▶ **Work item**
Copy the data below exactly, omitting any picture it contains.
(Supplied information begins)
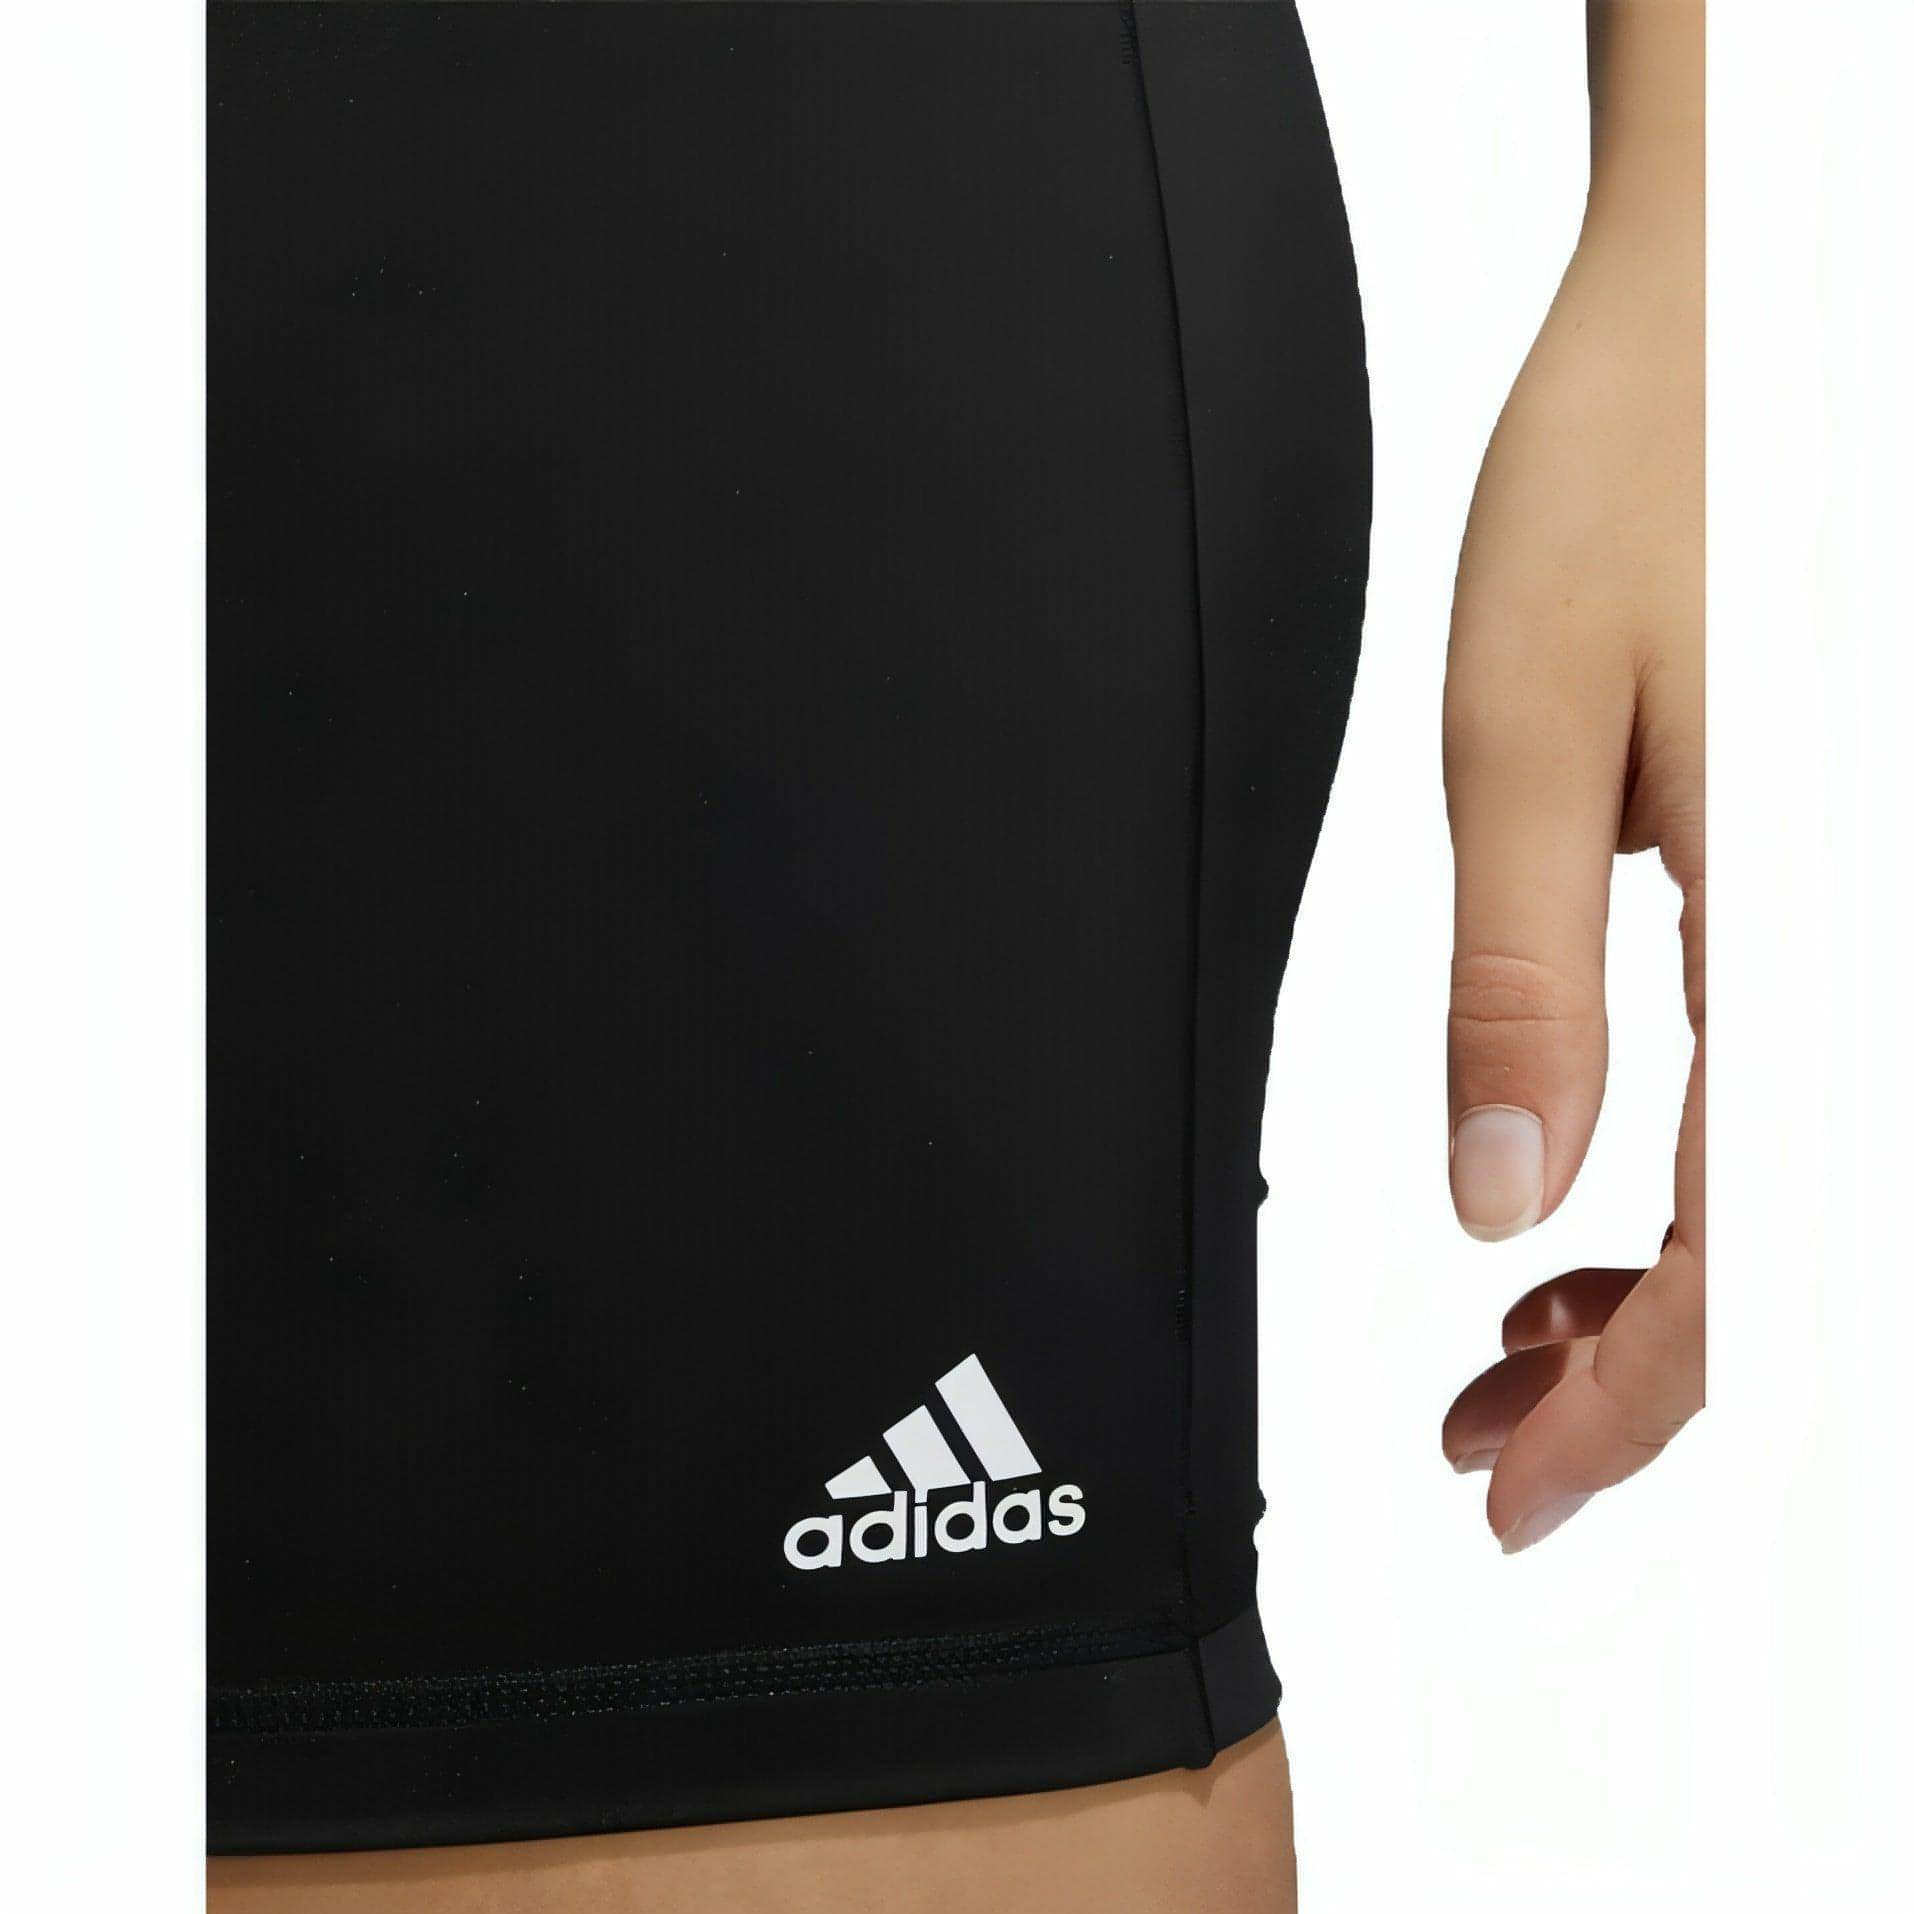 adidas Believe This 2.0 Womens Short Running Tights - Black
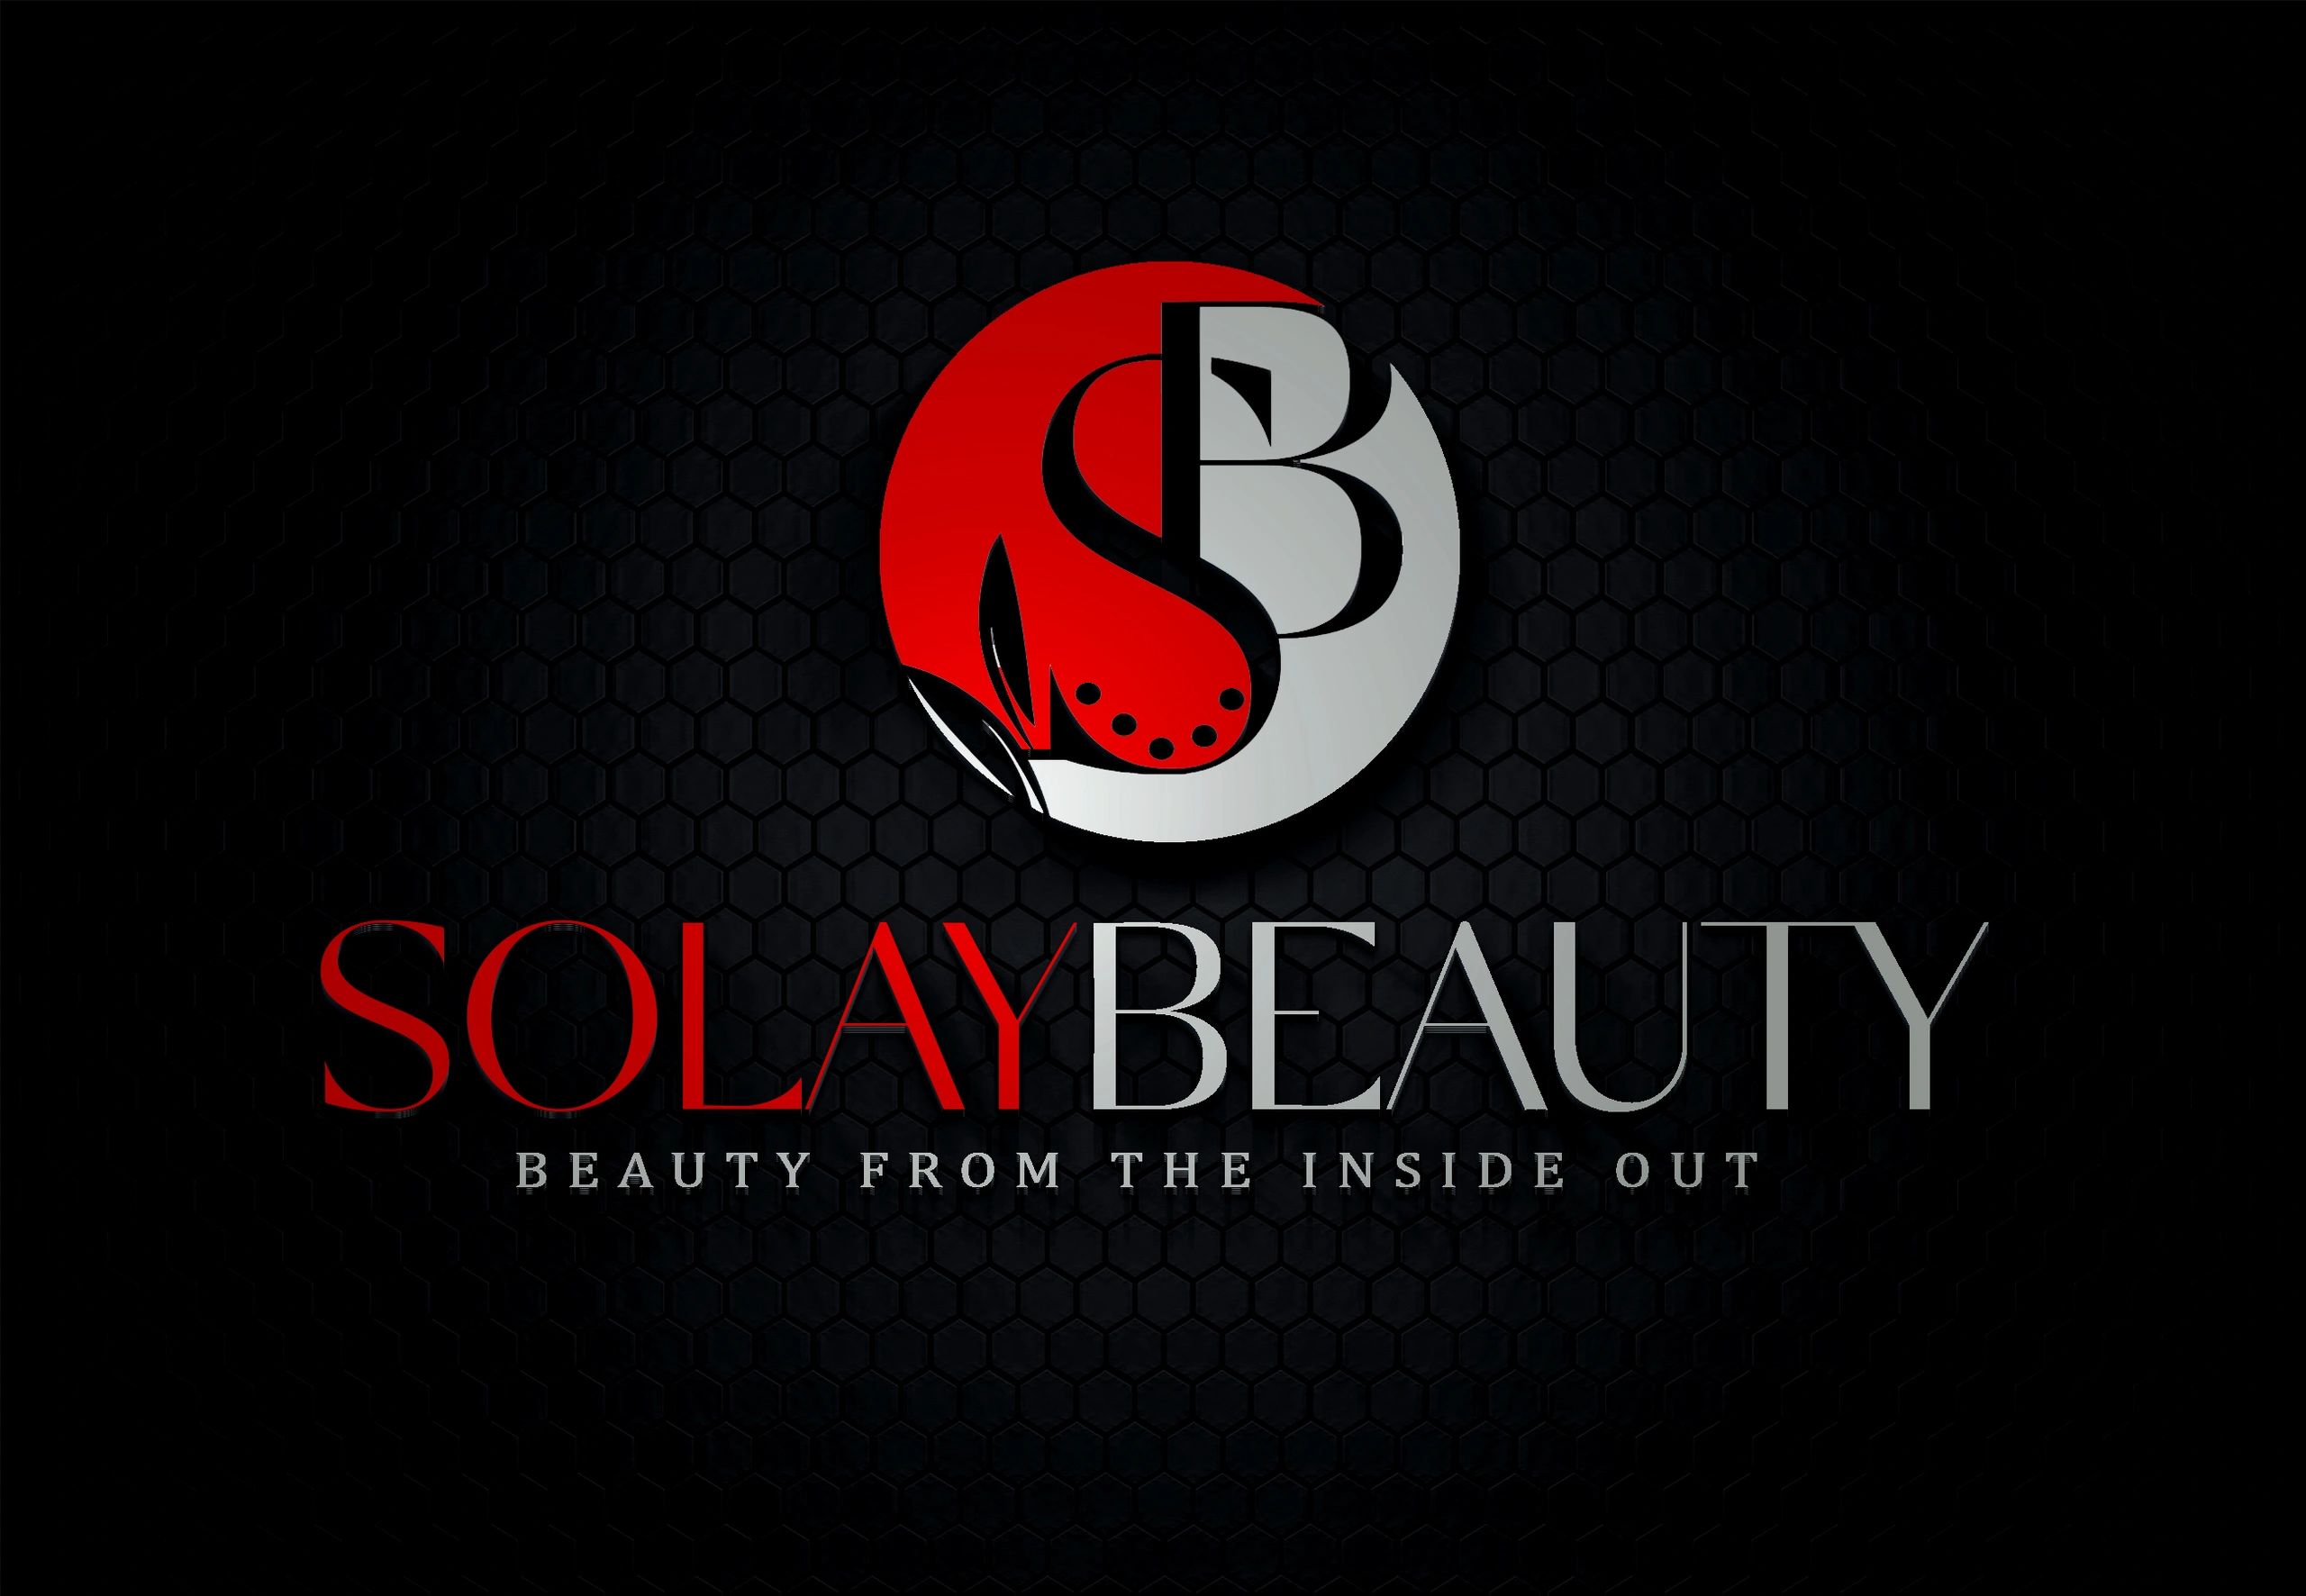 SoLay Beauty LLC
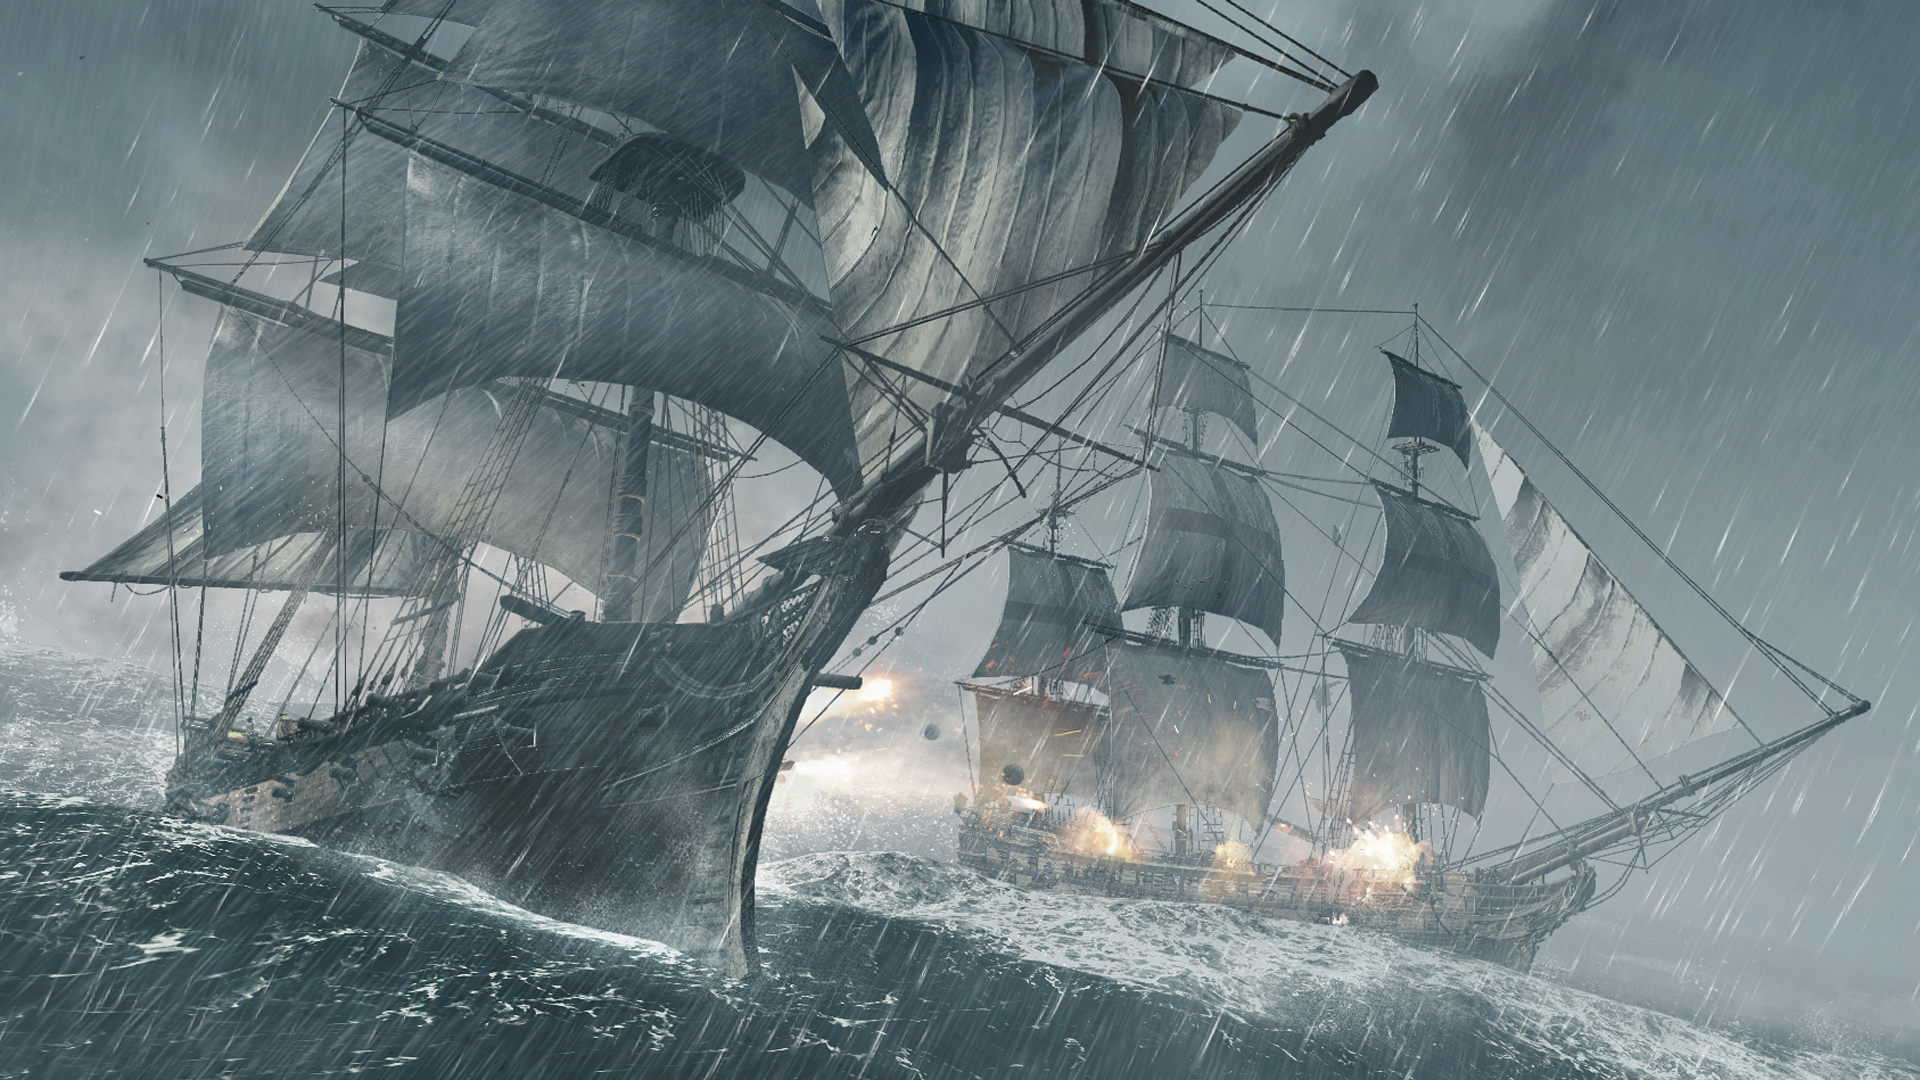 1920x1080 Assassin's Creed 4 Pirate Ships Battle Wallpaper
(Supplied information ends)
▶ **Written solution**
 adidas Believe This 2.0 Womens Short Running Tights - Black
 SoLay Beauty LLC
 1920x1080 Assassin's Creed 4 Pirate Ships Battle Wallpaper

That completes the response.